Pursuant to the Agreement between U.S. and
International Underwriters, each international
underwriter has further represented that it has not
offered or sold, and has agreed not to offer to sell,
directly or indirectly, in Japan or to or for the
account of any resident thereof, any of the shares
acquired in connection with the distribution
contemplated hereby, except for offers or sales to
Japanese international underwriters or dealers and
except pursuant to any exemption from the registrations
requirements of the Securities and Exchange Law and
otherwise in compliance with applicable provisions of
Japanese law. Each international underwriter has
further agreed to send to any dealer who purchases from
it any of the shares a notice stating in substance
that, by purchasing such shares, such dealer represents
and agrees that it has not offered or sold, and will
not offer or sell, any of such shares, directly or
indirectly, in Japan or to or for the account of any
resident thereof except for offers or sales to Japanese
international underwriters or dealers and except
pursuant to any exemption from the registration
requirements of the Securities and Exchange Law and
otherwise in compliance with applicable provisions of
Japanese law, and that such dealer will send to any
other dealer to whom it sells any of such shares a
notice containing substantially the same statement as
is contained in this sentence.
The underwriters initially propose to offer part
of the common stock directly to the public at the
public offering price set forth on the cover page
hereof and part to certain dealers at a price which
represents a concession not in excess of $ a
share under the public offering price. Any underwriter
may allow, and such dealers may reallow, a concession
not in excess of $ a share to other underwriters
or to certain dealers. After the initial offering of
the common stock, the offering price and other selling
terms may from time to time be varied by the
representatives.
We have granted the U.S. underwriters an option,
exercisable for 30 days from the date of this
prospectus, to purchase up to an aggregate of 639,600
additional shares of common stock at the public
offering price set forth on the cover page hereof, less
underwriting discounts and commissions. The U.S.

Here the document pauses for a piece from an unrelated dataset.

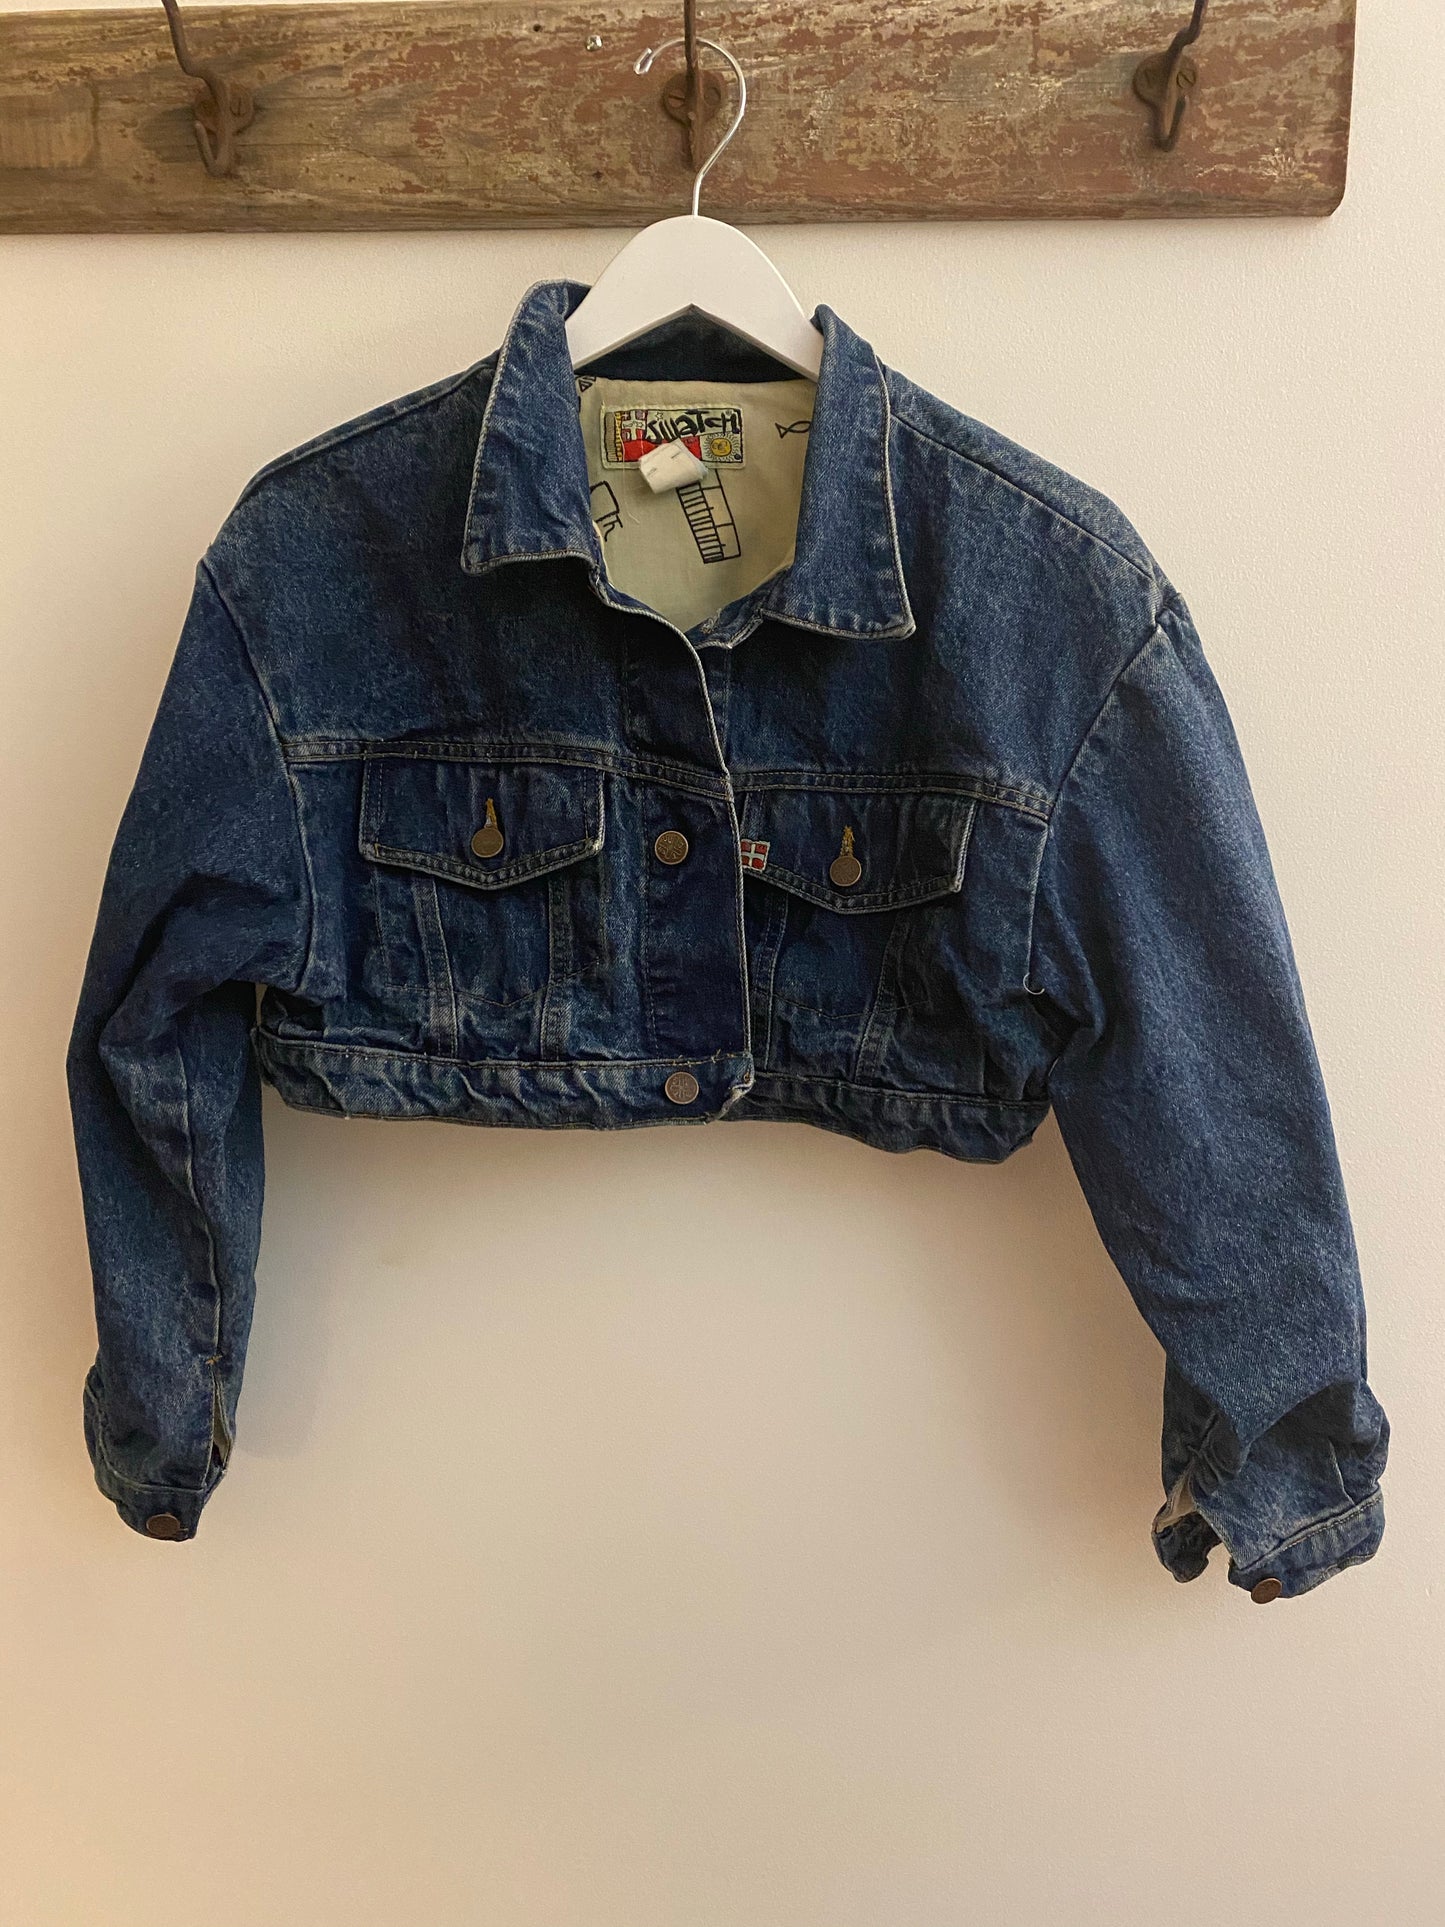 90’s cropped jacket

underwriters may exercise such option to purchase
solely for the purpose of covering over-allotments, if
any, made in connection with the offering of the shares
of common stock offered hereby. To the extent such
option is exercised, each U.S. underwriter will become
obligated, subject to certain conditions, to purchase
approximately the same percentage of such additional
shares of common stock as the number set forth next to
such U.S. underwriter's name in the preceding table
bears to the total number of shares of common stock set
forth next to the names of all U.S. underwriters in the
preceding table. If the U.S. underwriters' option is
exercised in full, the total price to the public would
be $ , the total underwriters' discounts and
commissions would be $ and the total
proceeds to Kohl's would be $ .
In the underwriting agreement:
o we have agreed to pay the printing, legal,
accounting and other expenses related to the offering,
which we estimate will be $350,000; and
o Kohl's, the selling stockholders and the
underwriters have agreed to indemnify each other
against certain liabilities, including liabilities
under the Securities Act of 1933, as amended.
Kohl's and each of the selling stockholders has
agreed that, without the prior written consent of
Morgan Stanley & Co. Incorporated on behalf of the
underwriters, it will not during the period ending 90
days after the date of this prospectus:
o offer, pledge, sell, contract to sell, sell any
option or contract to purchase, purchase any option or
contract to sell, grant any option, right or warrant to
purchase, lend or otherwise transfer or dispose of,
directly or indirectly, any shares of common stock or
any securities convertible into or exercisable or
exchangeable for common stock or
<PAGE>
o enter into any swap or other arrangement that
transfers to another, in whole or in part, any of the
economic consequences of ownership of the common stock;
whether any such transaction described above is to be
settled by delivery of common stock or such other
securities, in cash or otherwise, except under certain
limited circumstances.
In order to facilitate the offering of the common
stock, the underwriters may engage in transactions that
stabilize, maintain or otherwise affect the price of
the common stock. Specifically, the underwriters may
over-allot in connection with the offering, creating a
short position in the common stock for their own
account. In addition, to cover over-allotments or to
stabilize the price of the common stock, the
underwriters may bid for, and purchase, shares of
common stock in the open market. Finally, the
underwriting syndicate may reclaim selling concessions
allowed to an underwriter or a dealer for distributing
shares of common stock in the offering, if the
syndicate repurchases previously distributed common
stock in transactions to cover syndicate short
positions, in stabilization transactions or otherwise.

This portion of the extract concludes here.